AI / Self-Hosted LLM / Mental Health Tech
Guide
An AI companion for first responders.
Client
Guide
Role
Fractional CTO, AI Architecture
Timeline
2024 – Ongoing
The problem
First responders die by suicide at rates well above the general population, and most won't talk to a therapist. Guide's bet is that a peer community, anchored by an always-on AI companion, can reach people that traditional mental health tools can't.

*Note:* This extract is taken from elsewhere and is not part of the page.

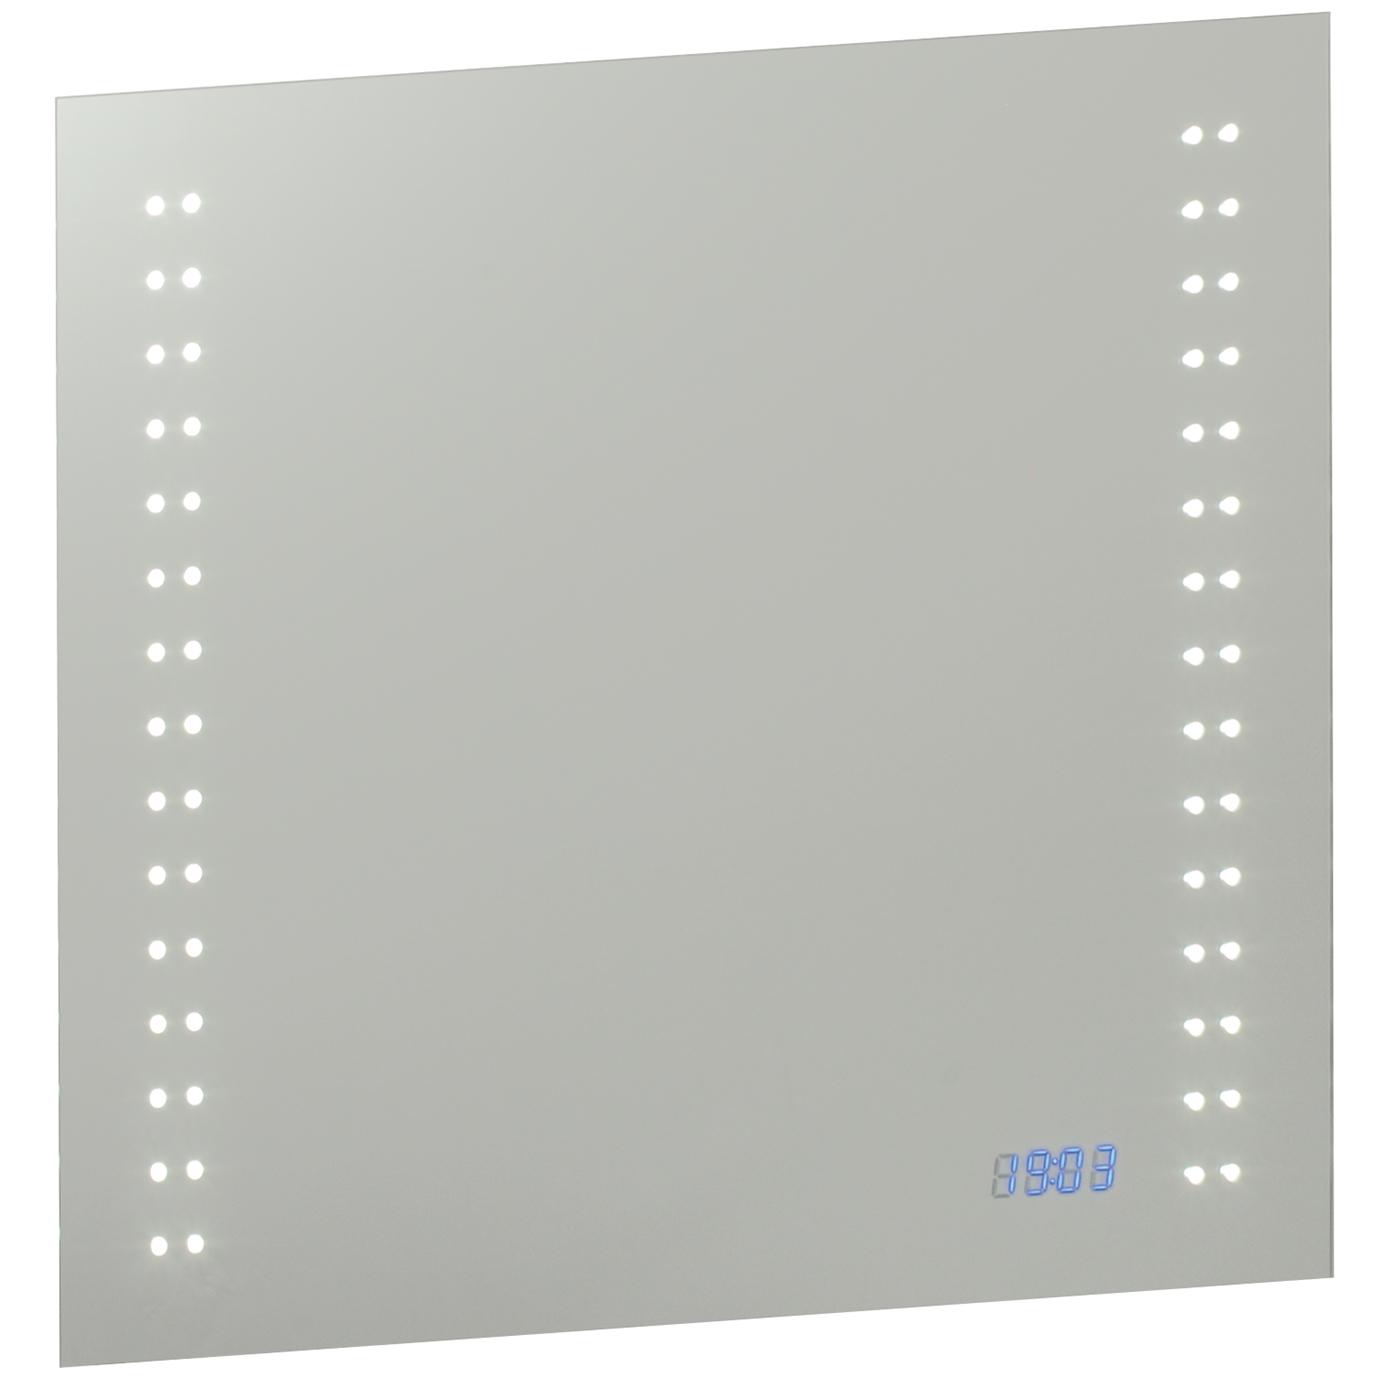 Endon 39233 Mirror Light 60xLEDs 2x2.1W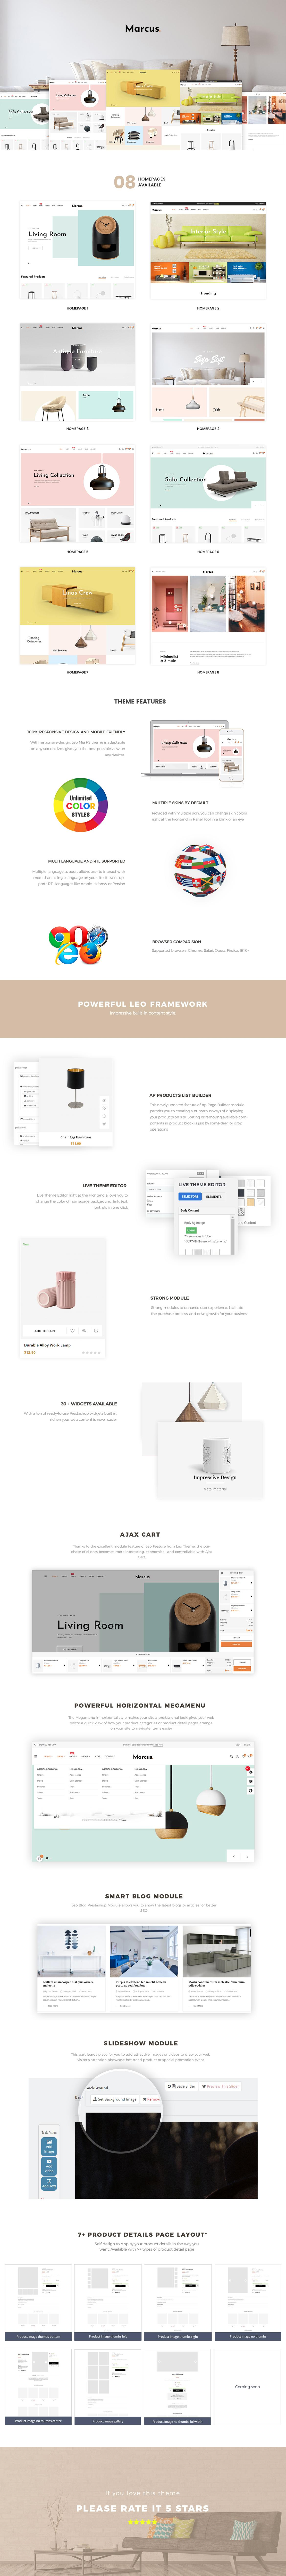 Marcus - Furniture & Home Decor prestashop 1.7 themes

The product needed an AI that could do something most chatbots can't: hold a persona, participate in small group conversations like a member rather than a tool, and stay available at 3am when a paramedic is alone in the truck after a bad call.
The constraints were real:
The persona had to be consistent across thousands of conversations and never break character into "as an AI assistant" mode.
The unit economics had to work for a mental health startup, not a Series C SaaS company.
The data was sensitive. Off-the-shelf hosted APIs were a non-starter for both privacy and behavioral control.
The approach
We made three architectural calls early that defined the build.
Self-hosted inference, not API calls.
Hosted LLMs were ruled out for privacy, persona drift, and cost at scale. We stood up a vLLM-based serving stack on RunPod Serverless, which gave us GPU pricing that flexed with traffic and full control over the model behavior.
LoRA adapters, not merged weights.
Instead of fine-tuning and merging a custom model, we serve the base model with a hot-swappable LoRA adapter. This gave us tighter control over the persona scaling factor at inference time, and the ability to iterate on the persona without retraining and redeploying a 13B+ parameter model every cycle.
Persona as architecture, not prompt.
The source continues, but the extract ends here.